● Required work
Return the line that has "Maui-USA-travel-story-Flytographer-7" and all lines below it through the last, exactly as they stand; omit pictures.

● Data extract
#####
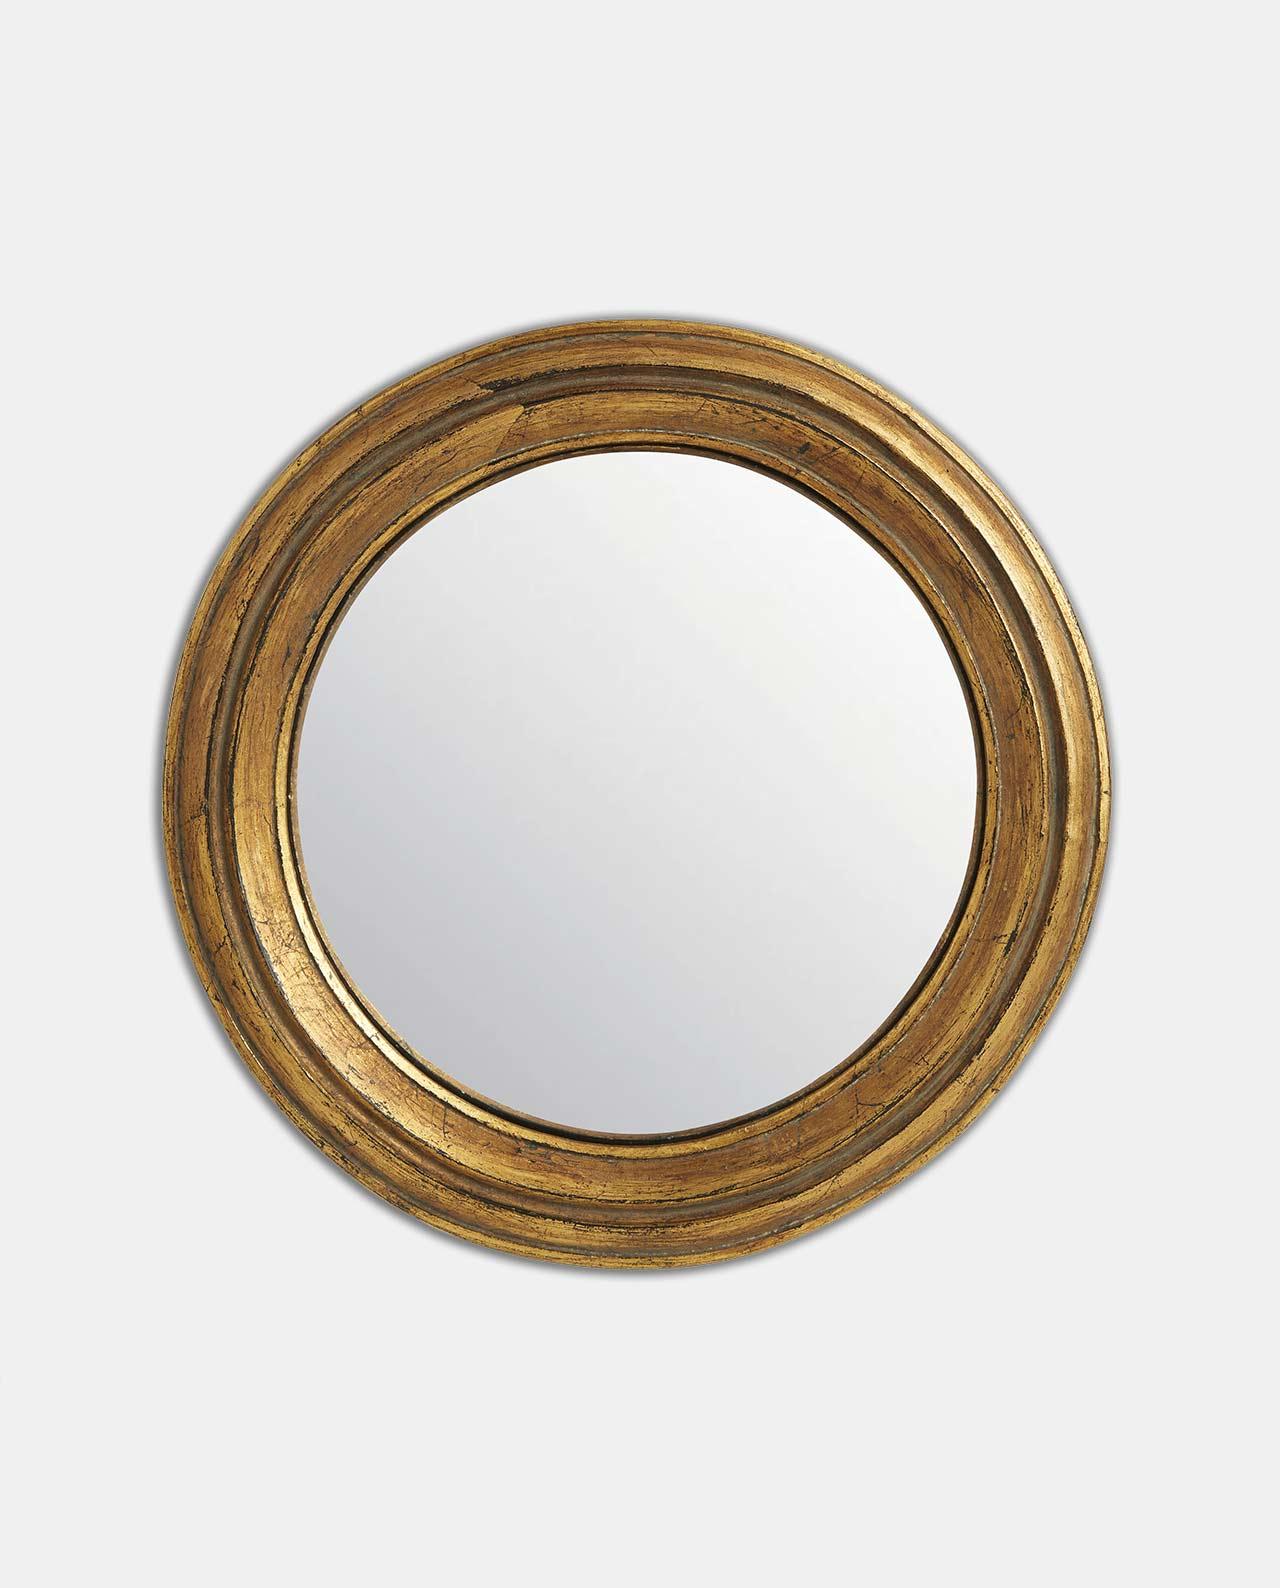 Gold Round Convex Mirror 23cm
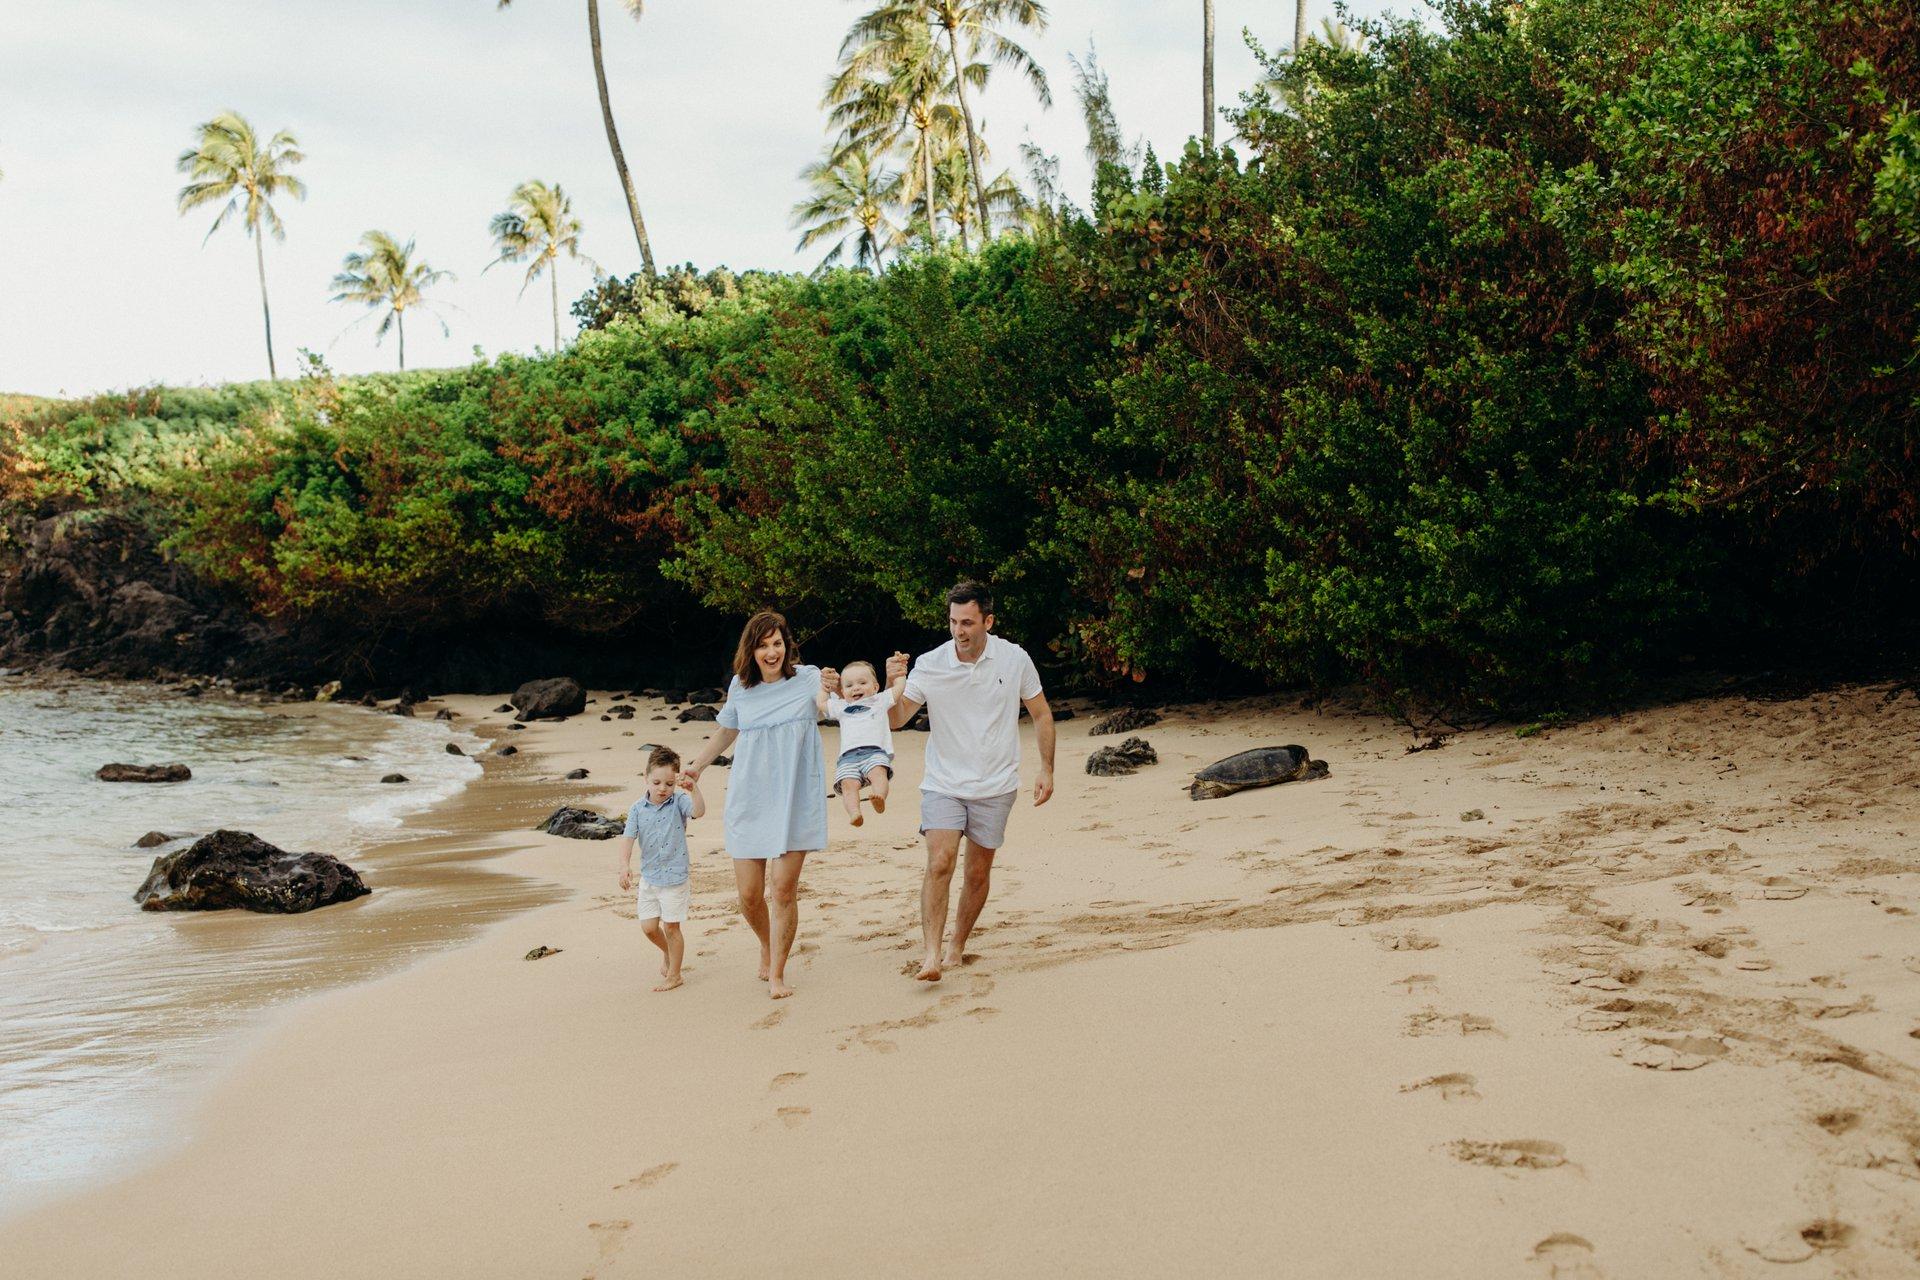 Maui-USA-travel-story-Flytographer-7
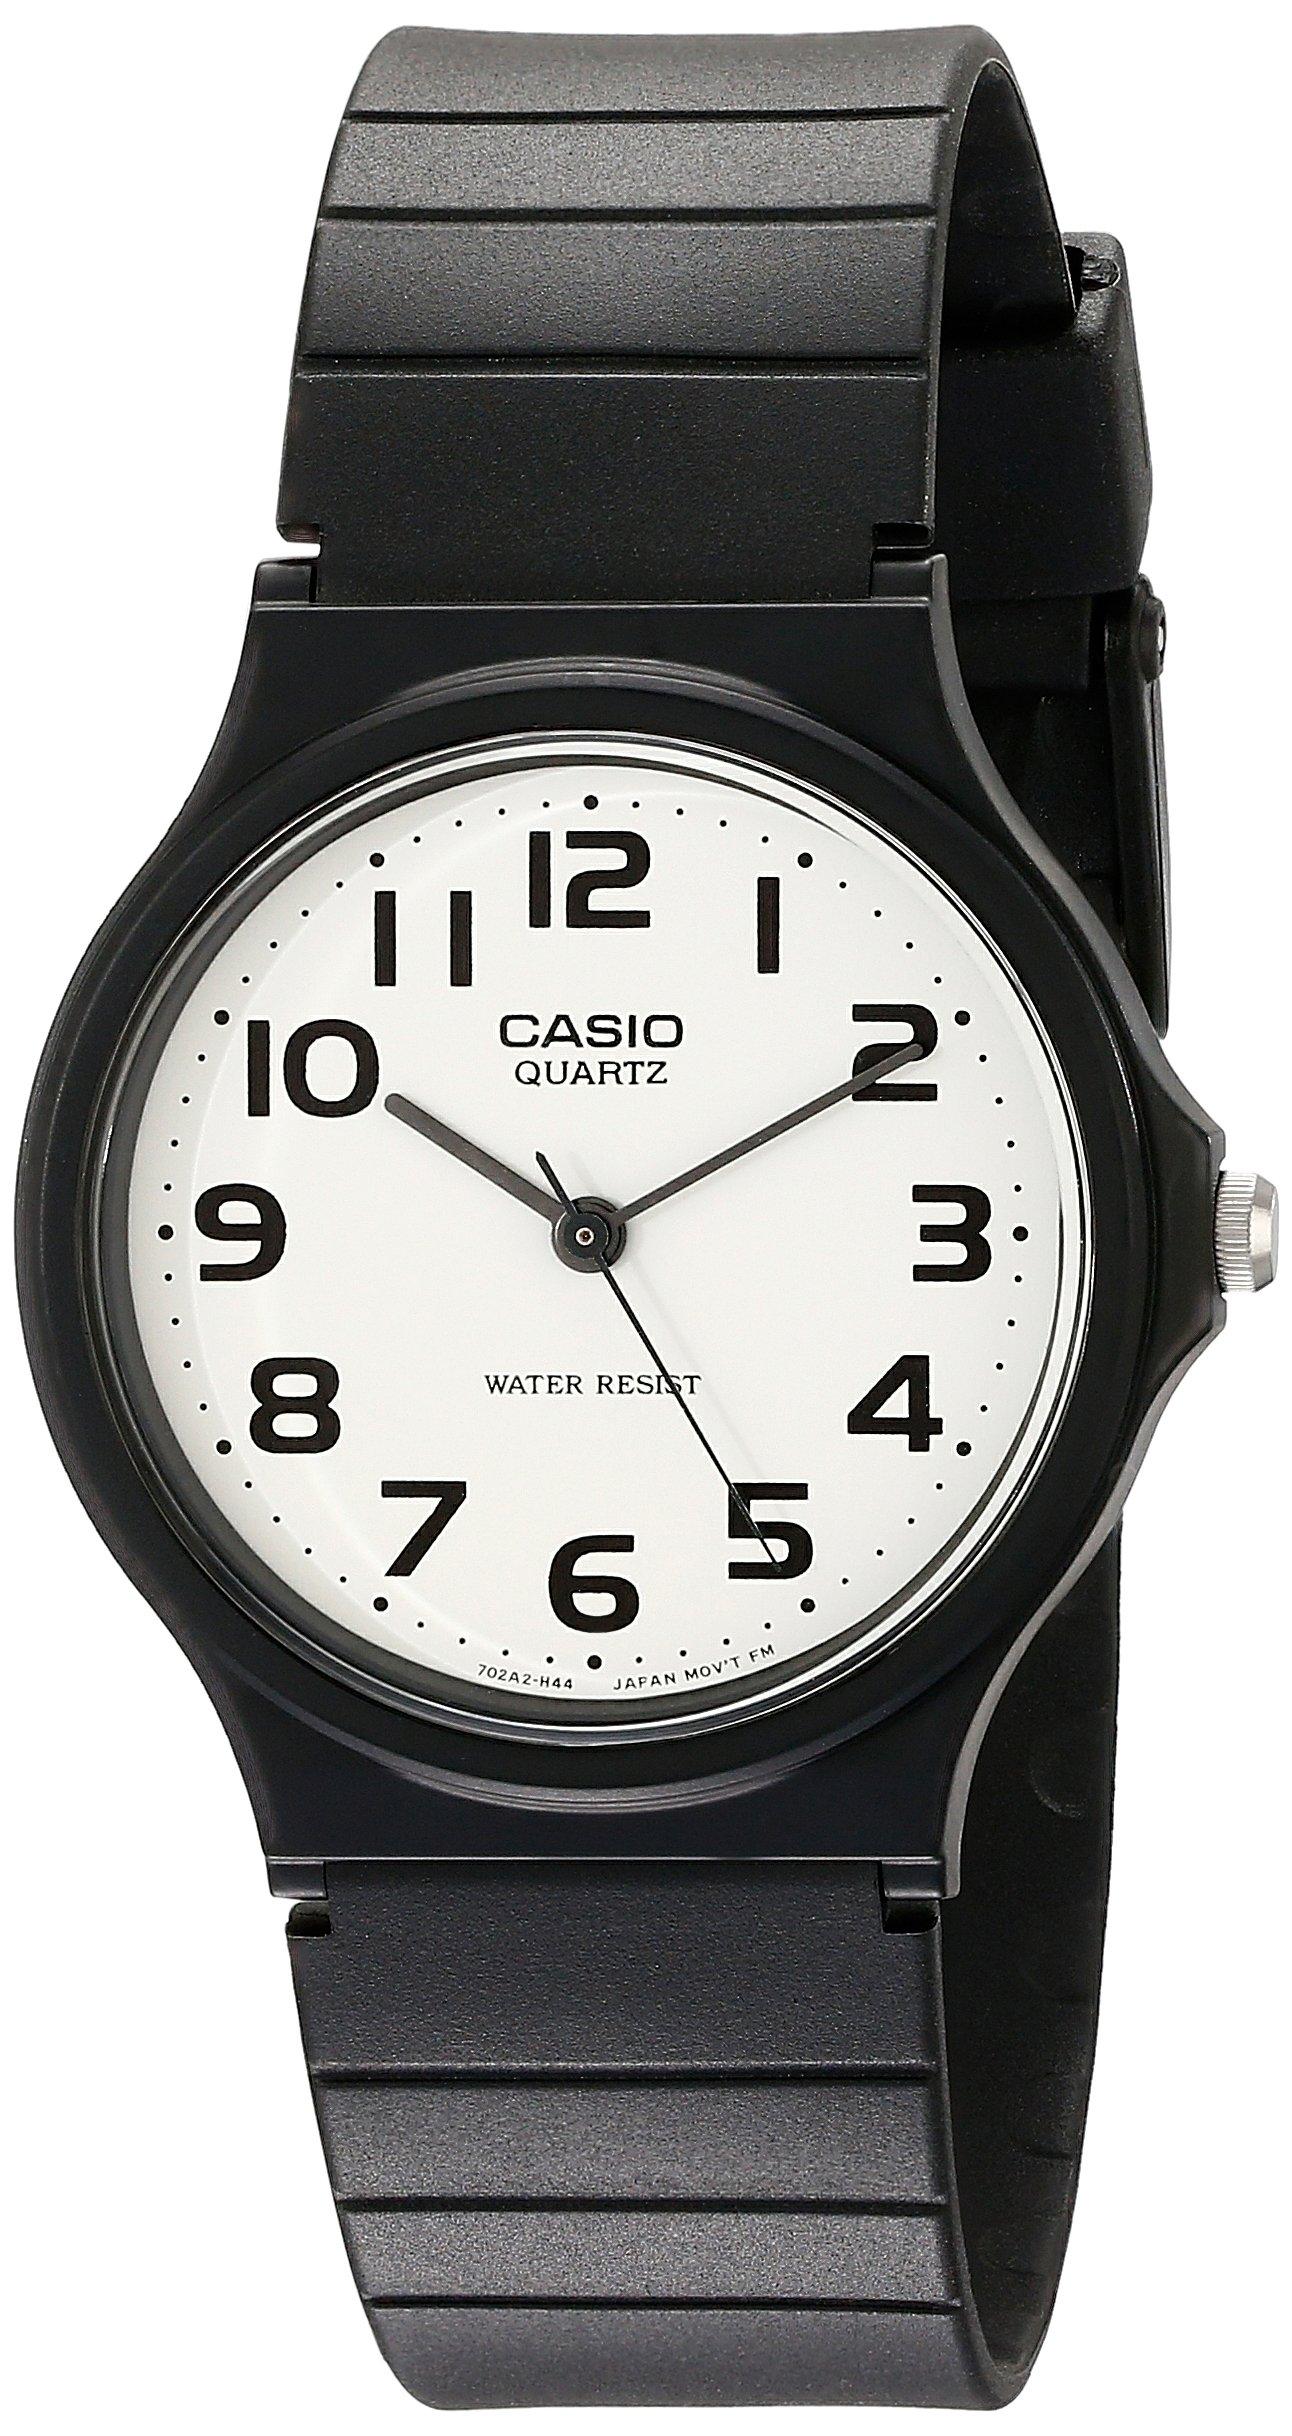 Casio Men's Classic Quartz Watch with Resin Strap, Black, 20 (Model: EAW-MQ-24-7B2) by Casio
#####
● Answer to this task
 Maui-USA-travel-story-Flytographer-7
 Casio Men's Classic Quartz Watch with Resin Strap, Black, 20 (Model: EAW-MQ-24-7B2) by Casio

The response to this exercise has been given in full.